Перед тем как занять место в вездеходе, он зачем-то перекрестился, поглядел на синее весеннее небо и сказал:

– Эх, как там мой очаг, как мать-старушка. – Добавил с хорошей улыбкой: – После армии я ее год не понимал. Говорит: "Мишка! Ты бы рубило-то набулацил". Это значит, надо топор наточить. Ты, директор, проследи, чтобы мой старший брат деньги ей не зажиливал. С него будет.

И отбыли они. Ни шиша я в технике не понимал и не понимаю, но даже мне было ясно, что мотор стучит не так, как у Лошака, и у гусениц лязг другой.

Добирались они неделю. Рулев сильно переживал н ежедневно держал с ними связь по рации. Вначале Мишка задавал вопросы:

– Начальник, от той сопки, которая кривая, вправо брать? А может, не эта кривая? Она просто косенькая, как одна моя подруга жизни.

Но постепенно Мишка вошел во вкус и каждый сеанс заканчивал чем-нибудь вроде: "А вот моя мать, начальник.

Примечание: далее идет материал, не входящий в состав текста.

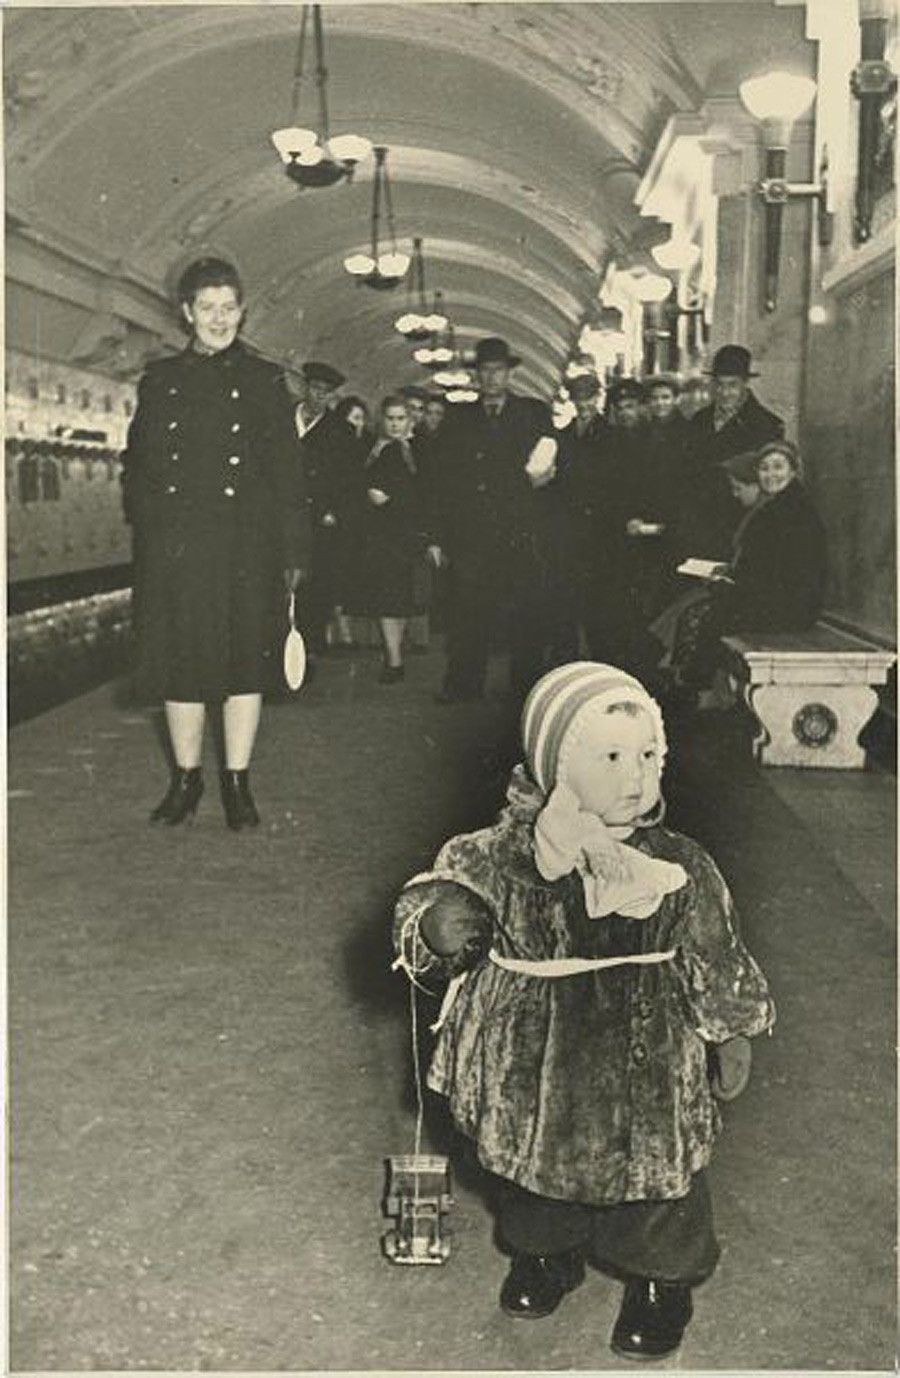 Di stasiun kereta bawah tanah, 1950-an.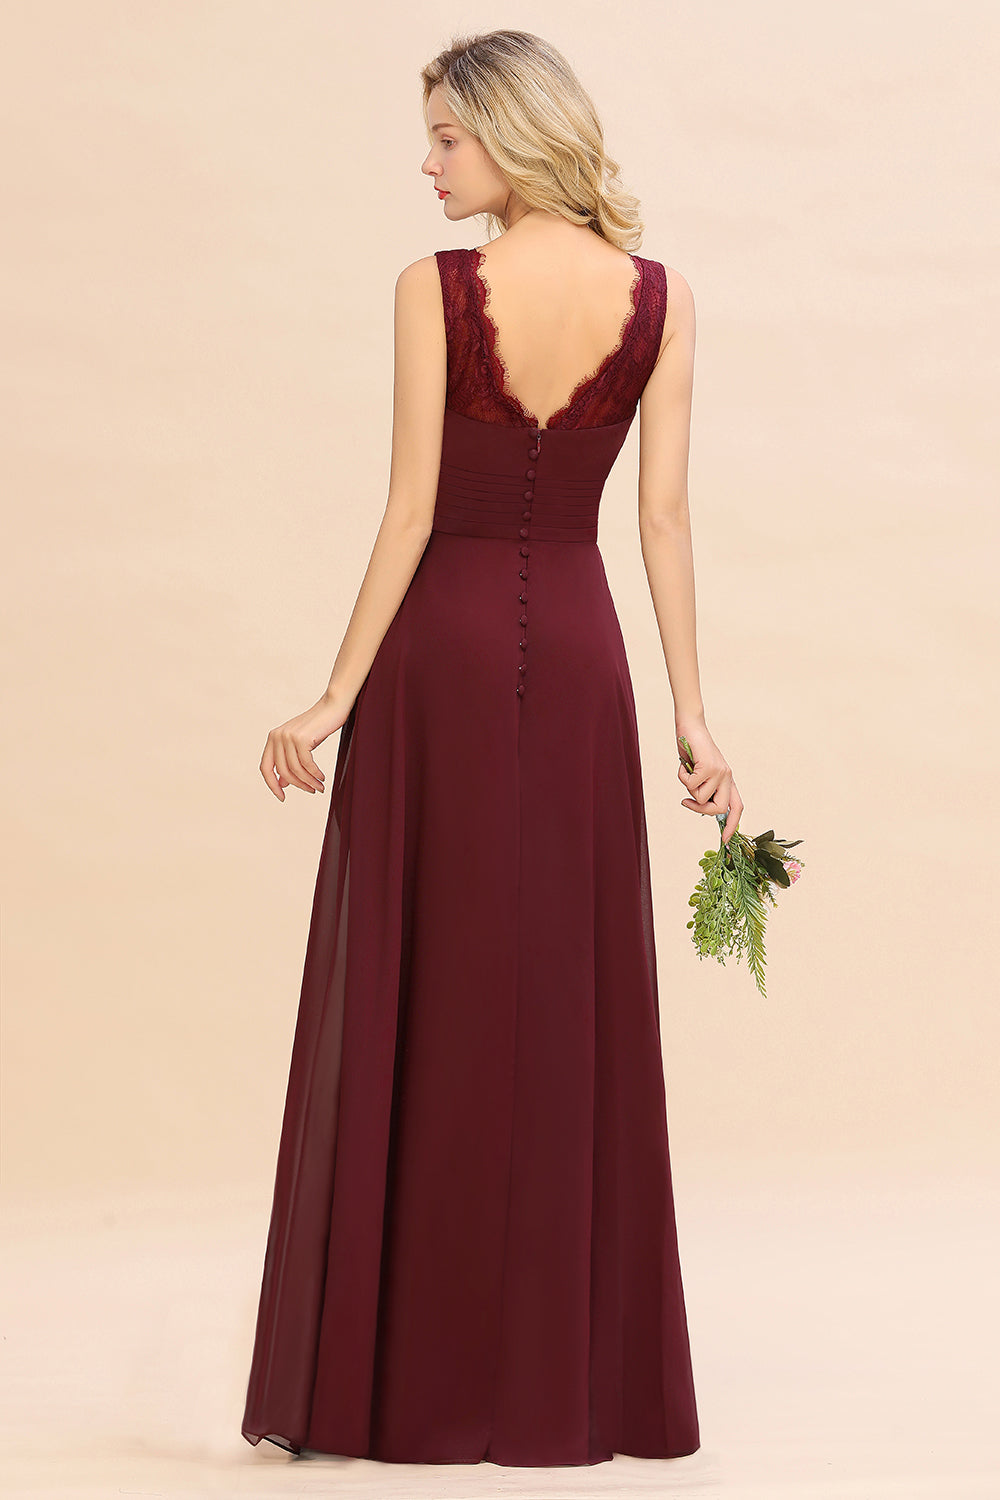 Elegant Lace V-Neck Burgundy Chiffon Bridesmaid Dresses with Ruffle-27dress

Ей девяносто годов и весу эдак килограмм тридцать. Она, если на тебя распалится, возьмет за штаны и кинет на печь или там на сеновал. А ежели возьмется тебя переругать, ты, начальник, навек ругаться отвыкнешь".

Было приятно слышать, как с каждым сеансом связи в голосе Мишки возникает лихость человека, познающего себе цену. Последнее его донесение было кратким: "Тут я, начальник. Обратно уже не быть. Все развезло. За машину не боись".

Об обратной дороге, конечно, нечего было думать. Снег на реке лежал метровой толщины водяной кашей – ни плыть, ни ехать. Да и вездеход по здешним местам летом годился разве что гонять по деревне. За околицей начинался бурелом, а если не бурелом, так топкая марь.

Саяпин сообщил, что стадо почти удвоилось и, таким образом, к осени надо думать о его разделении. Рулев ждал вертолет.